The researchers investigate the social media population biases between rural and urban communities by focusing on Twitter geolocation inference algorithms. The study found that the bias is largely the result of algorithms that disproportionately affect rural populations, rather than natural population biases.
Two types of algorithms are assessed: text-based (geotags individual tweets) and network-based (geotags individual users). They found that text-based algorithms are more subject to structural (inherent design) bias and showed less improved performance than network-based algorithms when population bias was removed.
These two types of algorithms were chosen because they had published descriptions, open-source code, and accessible data—rather than a black-box. Priedhorsky’s text-based algorithm is representative of many text-based algorithms because it is trained on tokens in the text of the tweet, user timezone, self-reported location field, and specific language. Jurgens’ bi-directional network-based algorithm was chosen because it links users that mention each other, using the principle that interaction decreases with distance.

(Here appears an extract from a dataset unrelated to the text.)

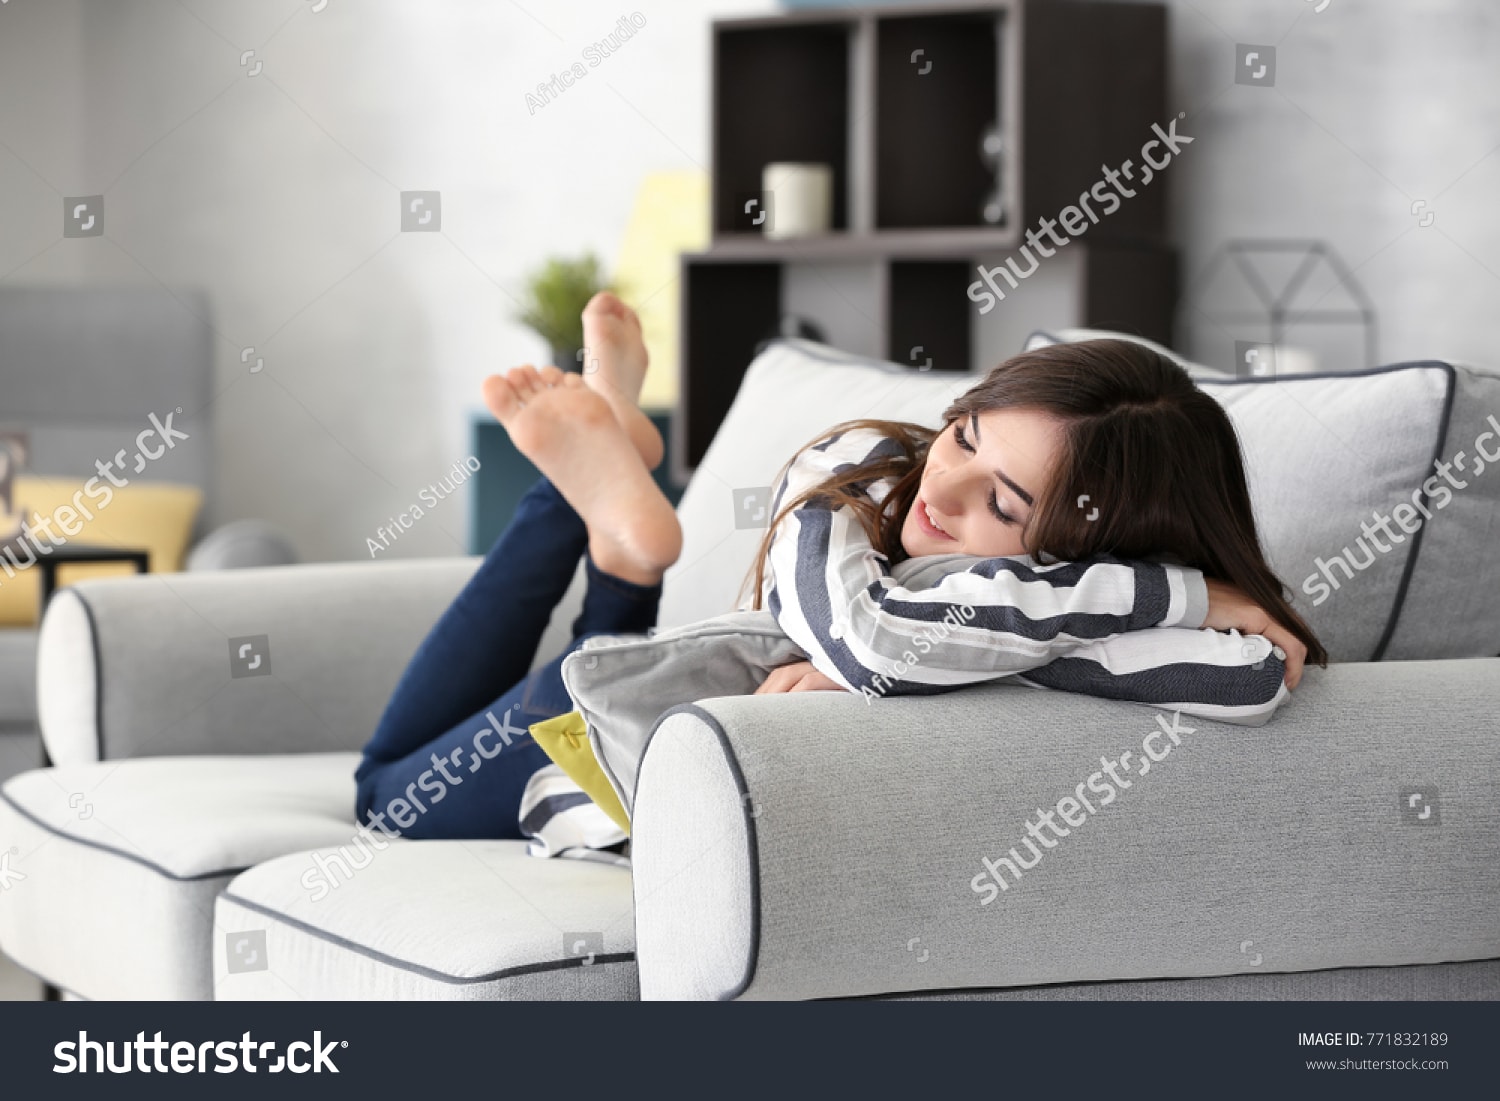 BananiVista, sofa

Using the text-based algorithm, the researchers simply used a reverse geocoding operation to label each tweet with the county it’s located in and assigned the U.S. National Center for Health Statistics’ Urban-Rural Classification Scheme’s ordinal urban/rural code to the tweet. Using the network-based algorithm, researchers defined a user’s home as the geometric median of their tweets geotagged within 50 miles of each other.
The authors hypothesized that there would be a notable population bias in the urban-rural divide, and that could potentially be influenced by algorithmic bias. Rightfully, they found that urban users were overrepresented by 130% for text-based datasets and by 210% for network-based datasets, relative to their proportion in the overall population for the datasets. Correspondingly, the text-based algorithm successfully locates urban users within 100km on average 2.3x greater than rural users, for network-based, 1.3x greater.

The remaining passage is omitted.